A note on glob patterns…
We chose to use glob patterns, for example keyspace.prefix*
, for specifying filters as they provide a high degree of power and flexibility without the complexity of regular expressions which can easily lead to human errors. These patterns easily allow you to specify several keyspaces and tables without writing out all of them in a list which can be quite tedious in a large application with lots of different data types.
Simplified Installation
ScyllaDB Manager uses the ScyllaDB REST API for all of its operations. ScyllaDB Manager supports SSH tunneling for its interactions with the ScyllaDB database nodes for increased security. It is not mandatory to do so, but we recommend using SSH tunneling because it does not require any changes to database configuration, and be implemented with a dedicated low-permission user. It also does not need any special software installed on the database machines. This simplifies operations since there is nothing extra to monitor, update, and otherwise manage. The concept of having a companion application installed together with another main application is known as a “sidecar.” We do not believe sidecars to be a good design pattern for ScyllaDB Manager, since this bring additional operational burdens.

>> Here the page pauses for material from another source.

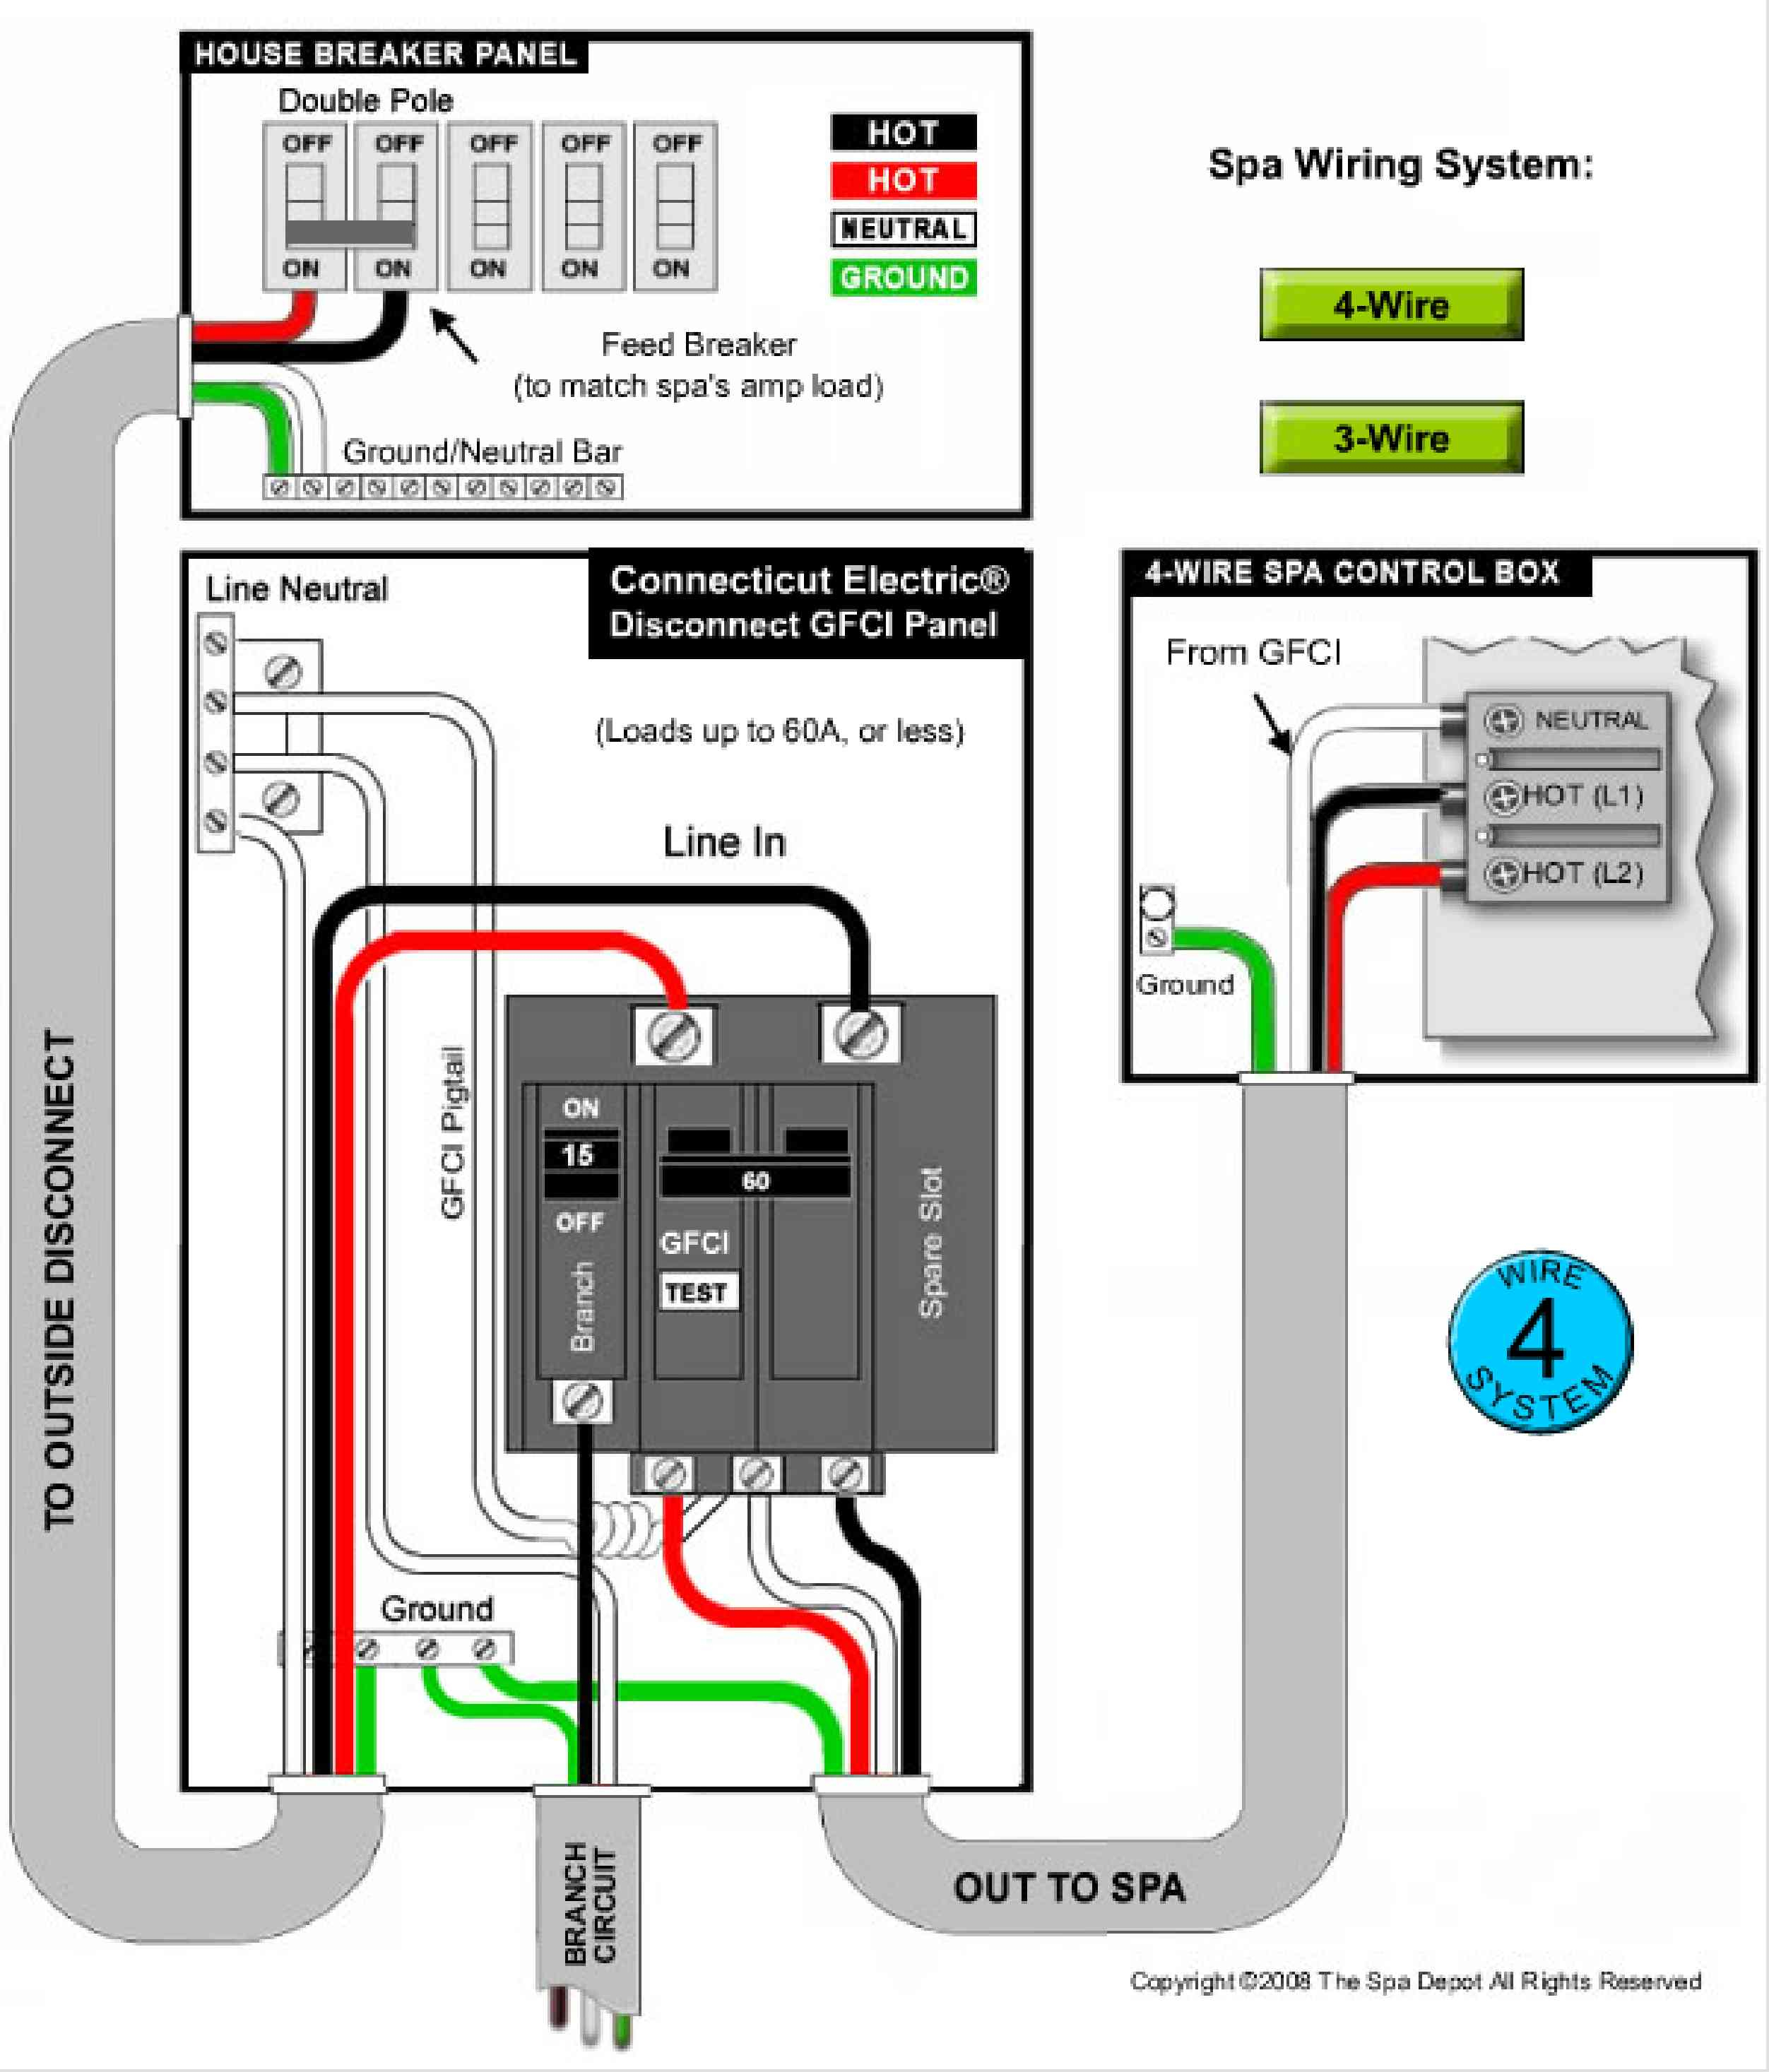 Double Pole Switch Wiring Diagram Lovely 16 5 | Hastalavista - Double Pole Switch Wiring Diagram

In ScyllaDB Manager 1.2, we have made it very easy to setup the SSH connectivity for the ScyllaDB Manager to talk to the ScyllaDB database nodes.
One thing many users reported as being troublesome was the generation and distribution of the SSH keys necessary for this to work. To solve this problem , we have now added the scyllamgr_ssh_setup
script that is available after you install ScyllaDB Manager. This script does not simply copy key files, but discovers all the nodes in a cluster for every node sets up the proper user that is needed for the SSH connectivity to work.
To run the script, make sure there is an admin user who has root privileges so that the script can use these permissions to perform the setup. This power user is not remembered or reused in any way but is simply used to perform the needed administrative functions to setup the required user and keys. The admin user is much like the Amazon ec2-user. The script creates a user specified by the -m
parameter that the ScyllaDB Manager later uses for its SSH connection. This is a very restricted user as you cannot get shell access.
Generating and distributing the needed keys is as simple as:
scyllamgr_ssh_setup -u ec2-user -i /tmp/amazon_key.pem -m scylla-manager -o /tmp/scyllamgr_cluster.pem -d <SCYLLA_IP>
This generates or reuses the file: /tmp/scyllamgr_cluster.pem which is distributed to all of the nodes in the cluster. In order to do this, the script uses the ScyllaDB REST API to discover the other members of the cluster and sets up the needed users and keys on these nodes as well. If you later add a node to the cluster, you can re-run the script for just that node.
Further improvements
- HTTPS – By default, the ScyllaDB Manager server API is now deployed using HTTPS for additional safety. The default port is 56443 but this can be changed in the config file /etc/scylla-manager/scylla-manager.yaml.
- The SSH config is now set per cluster in the
cluster add
command. This allows a very secure setup where different clusters have their own keys. - The ssh configuration is now dropped and and any data available will be migrated as part of the upgrade.
cluster add
is now topology aware in the sense that it will discover the cluster nodes if you just supply one node using the--host
argument. There is no need to specify all the cluster nodes when registering a new cluster.repair
will obtain the number of shards for the cluster nodes dynamically when it runs so you do not need to know the shard count when you add the cluster. This can be very convenient in a cluster with different sized nodes.- Automated DC selection – ScyllaDB Manager will ping the nodes and determine which DC is the closest and then use that for its interactions with the cluster whenever possible. The
repair_auto_schedule
task has been replaced by a standard repair task like any other that you might add. - The visual layout of the progress reporting in sctool is greatly improved.